_Exercise objective_
Starting at the line that contains "Биопласт-Дент мембрана(ВладМива), 15*25 мм.", write out every line through the end of the records below exactly as it appears, and leave out all pictures.

[[ Given data open ]]

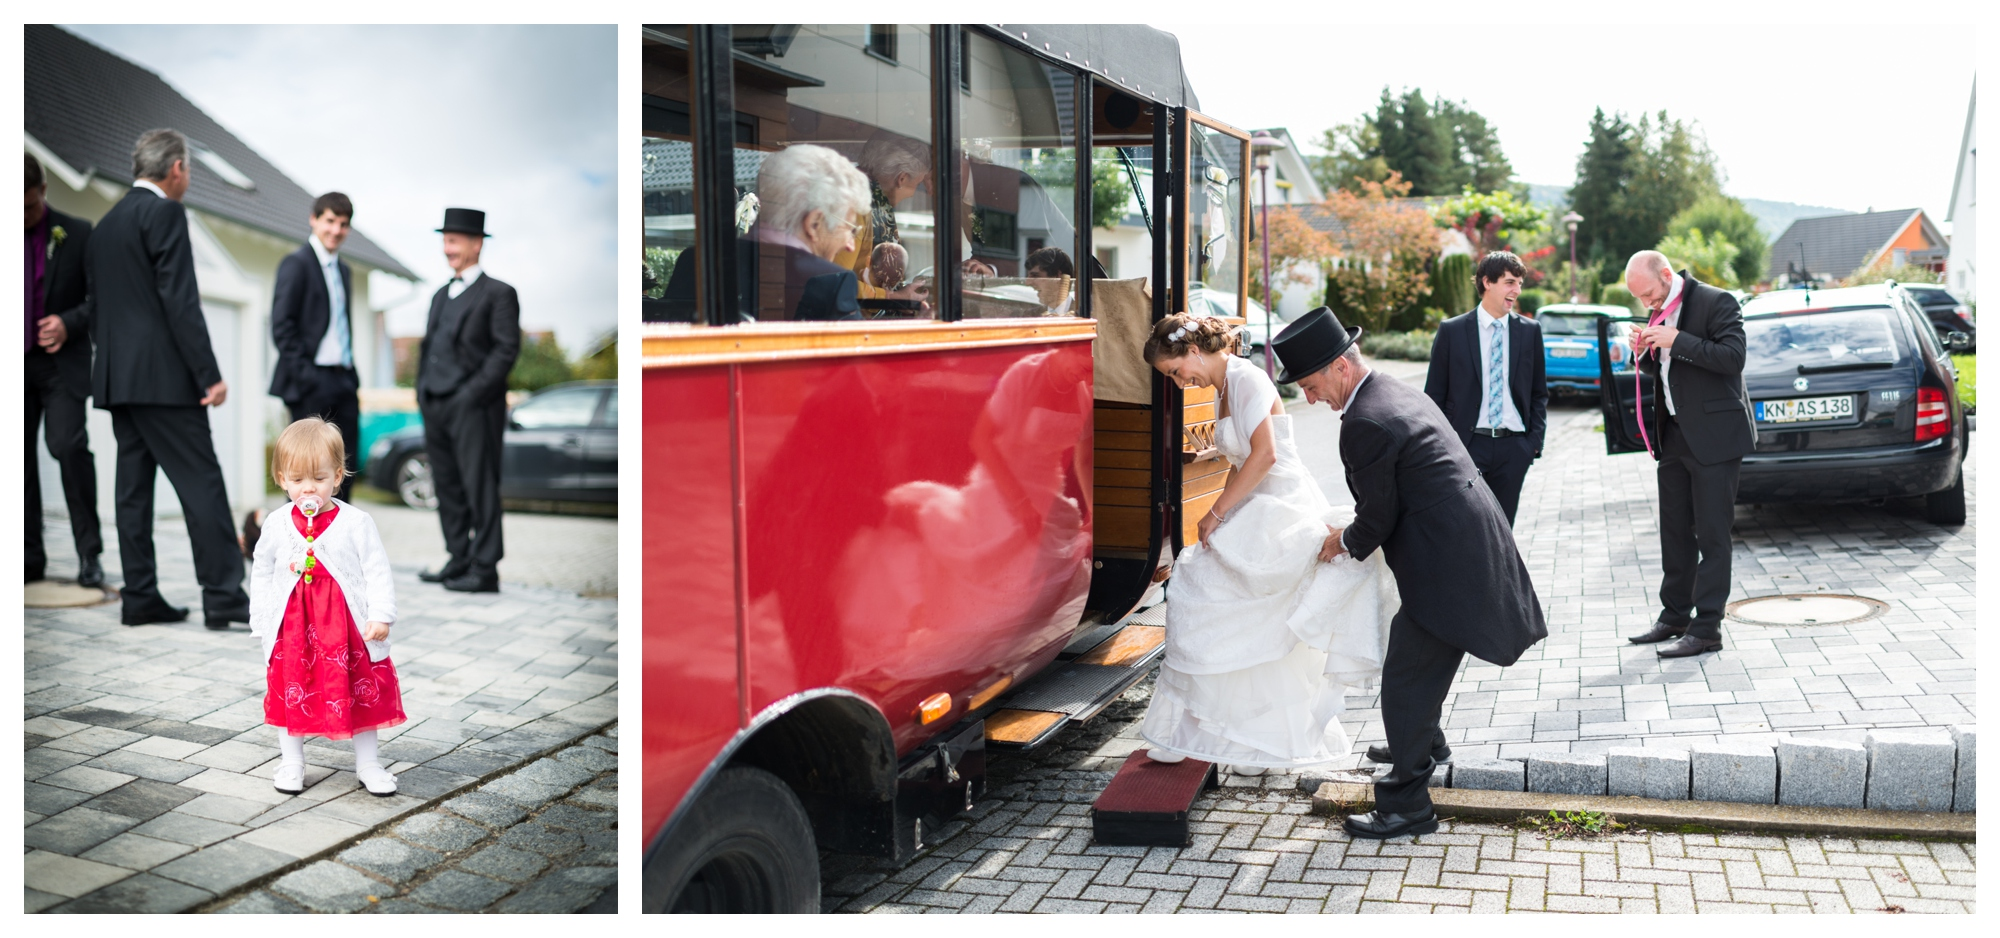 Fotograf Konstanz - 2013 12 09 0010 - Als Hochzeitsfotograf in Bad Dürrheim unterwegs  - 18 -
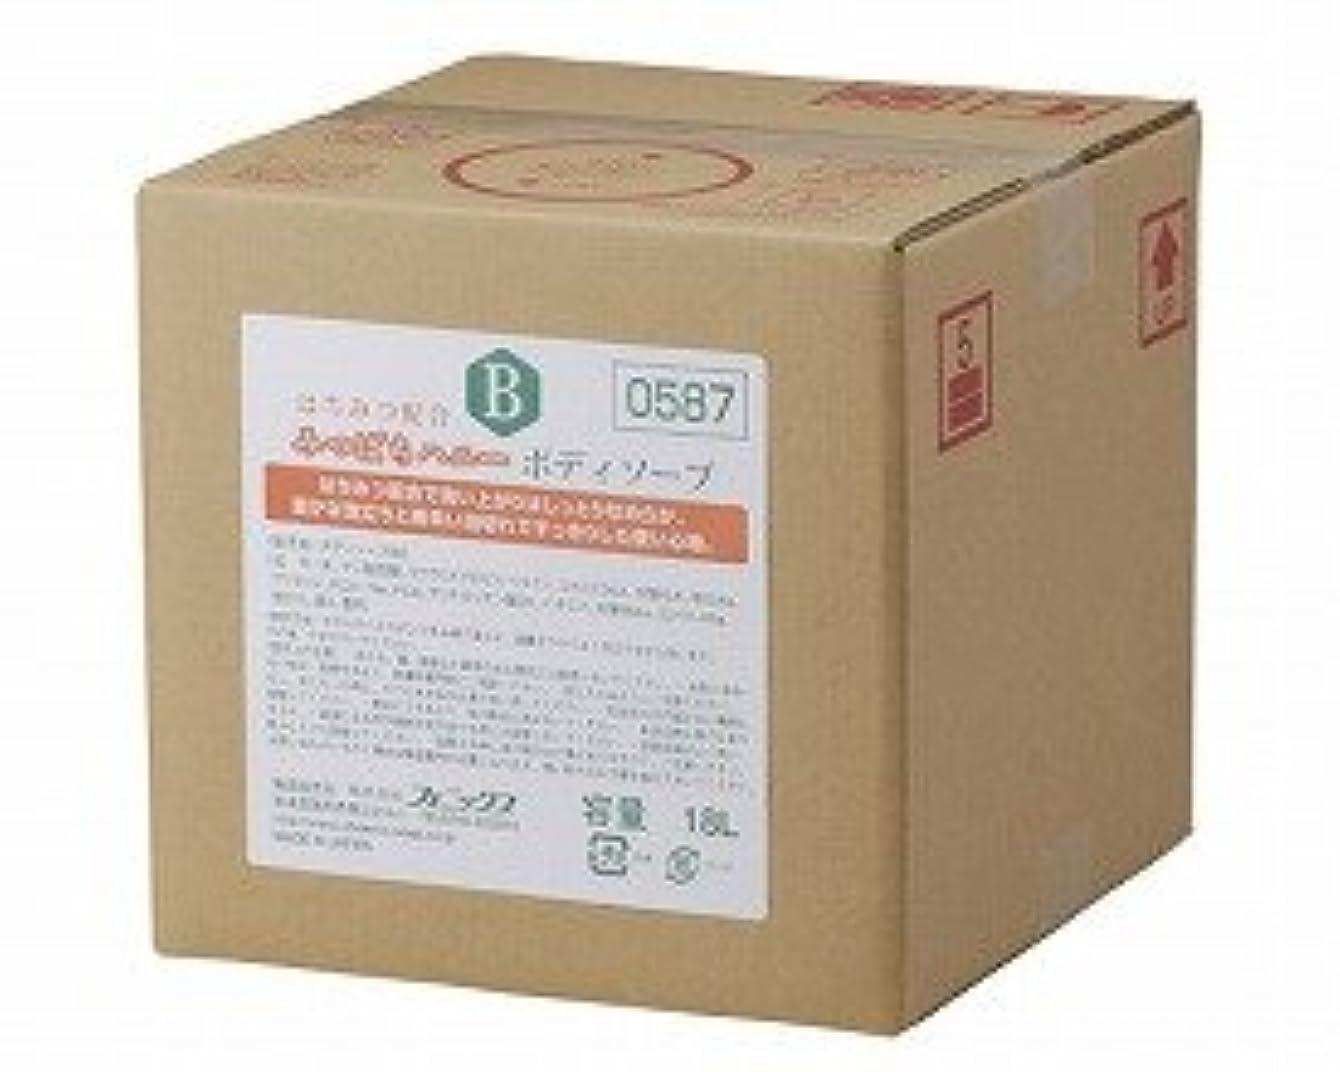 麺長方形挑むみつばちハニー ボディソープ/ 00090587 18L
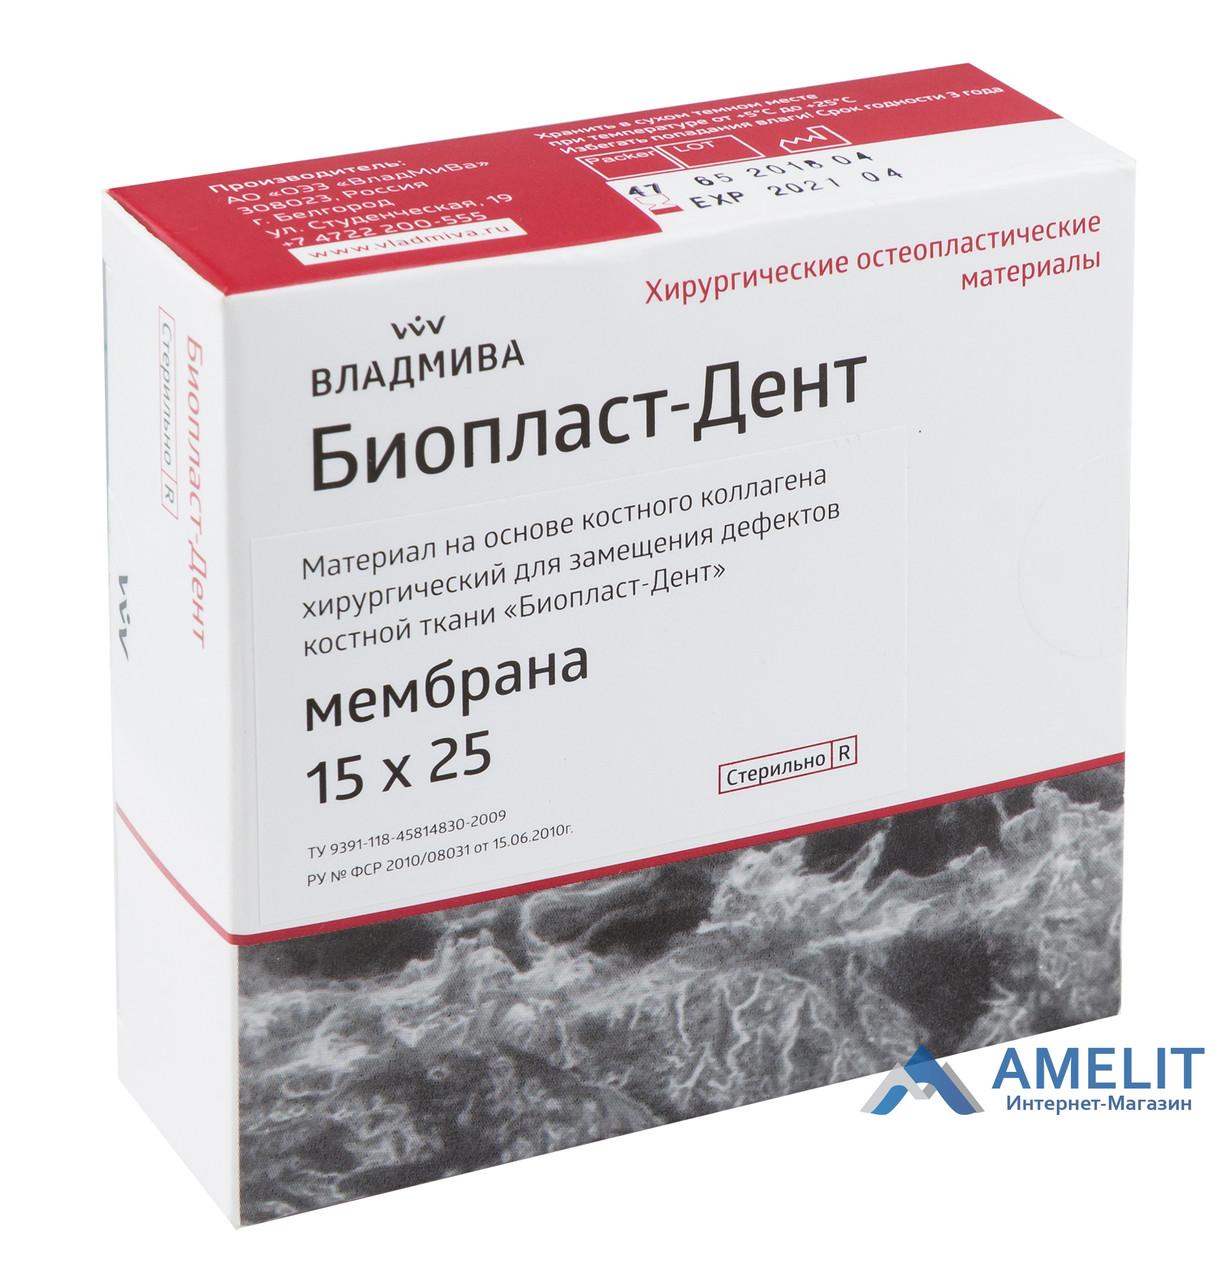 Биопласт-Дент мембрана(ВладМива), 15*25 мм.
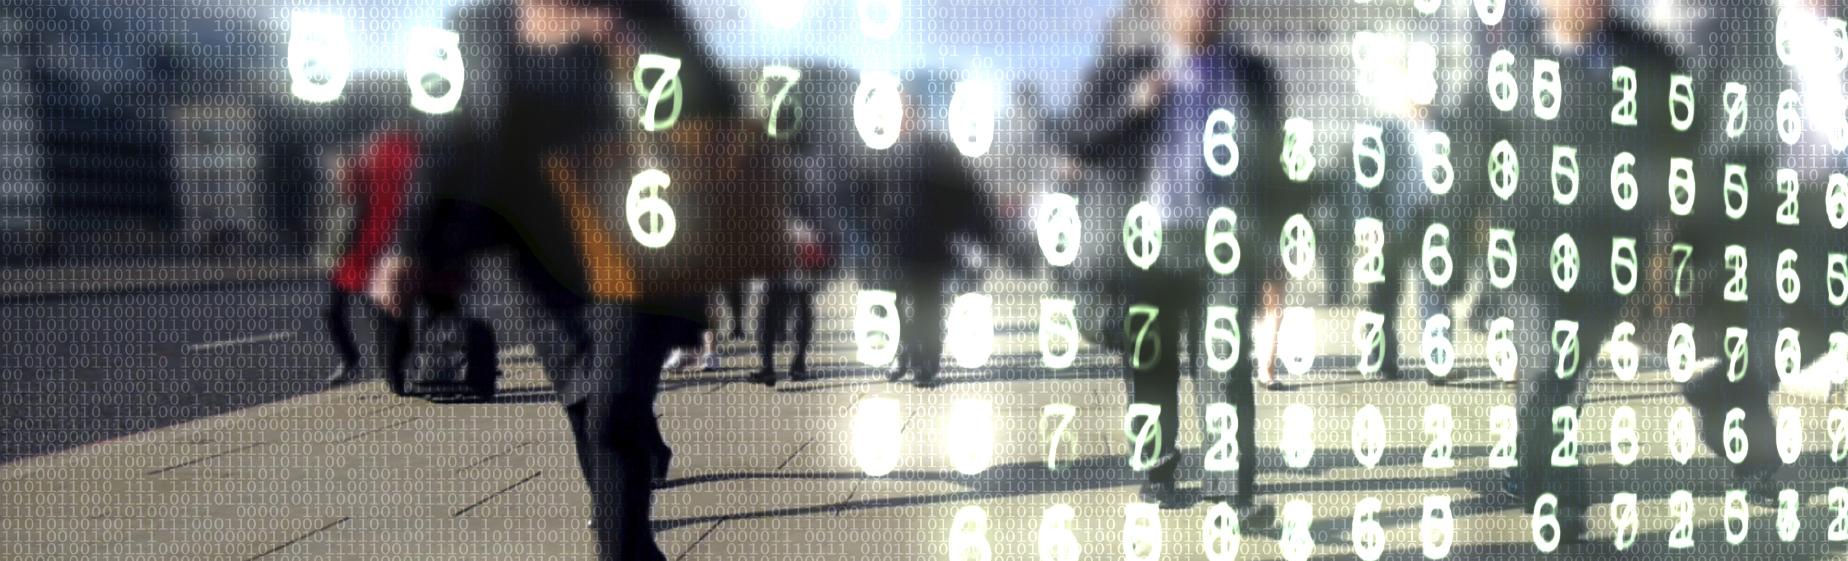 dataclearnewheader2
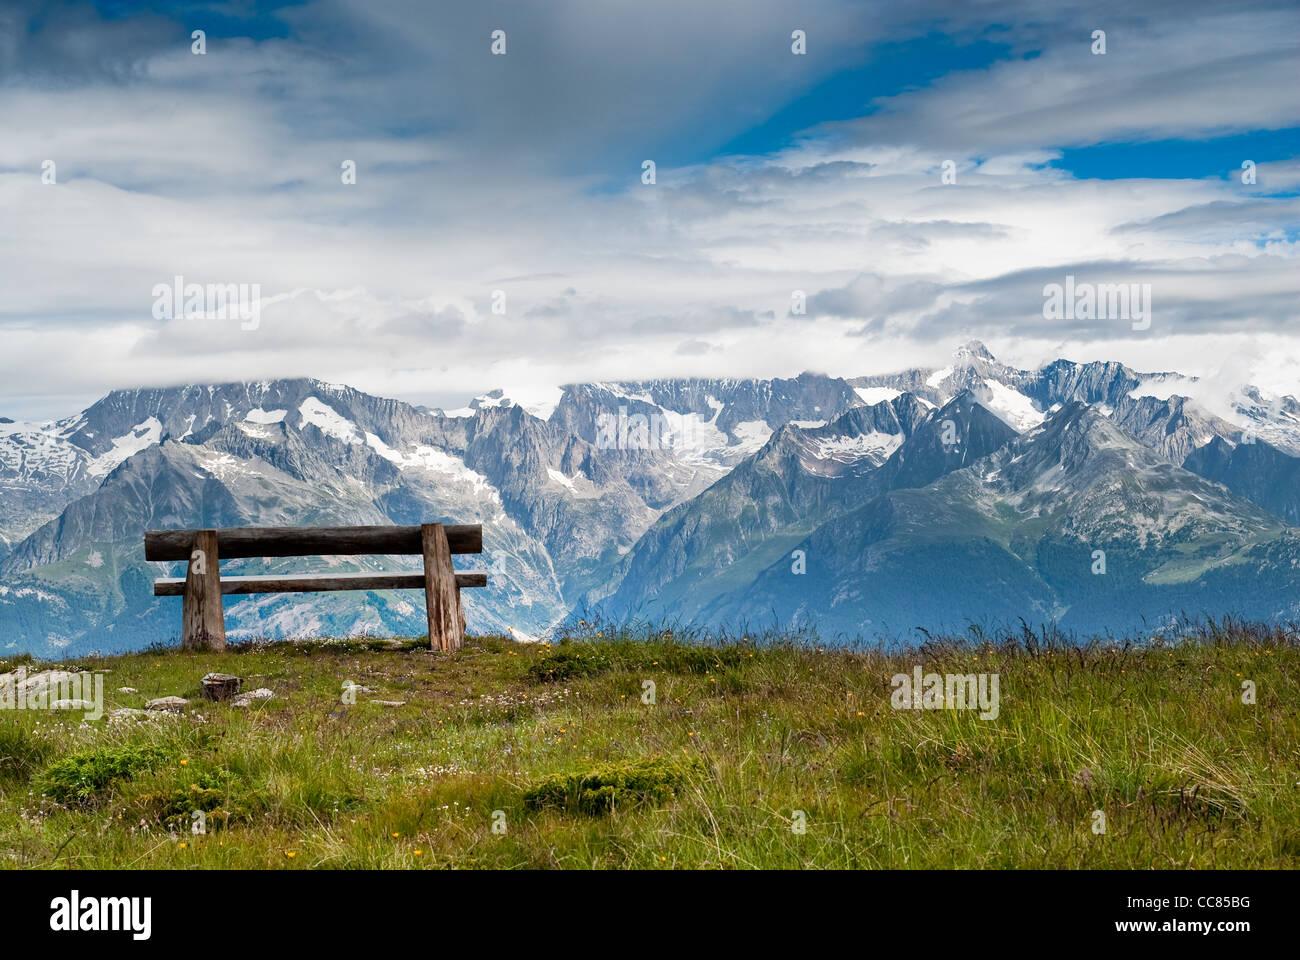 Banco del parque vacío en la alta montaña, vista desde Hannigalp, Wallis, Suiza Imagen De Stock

[[ Given data closed ]]

_Result of this exercise_
 Биопласт-Дент мембрана(ВладМива), 15*25 мм.
 dataclearnewheader2
 Banco del parque vacío en la alta montaña, vista desde Hannigalp, Wallis, Suiza Imagen De Stock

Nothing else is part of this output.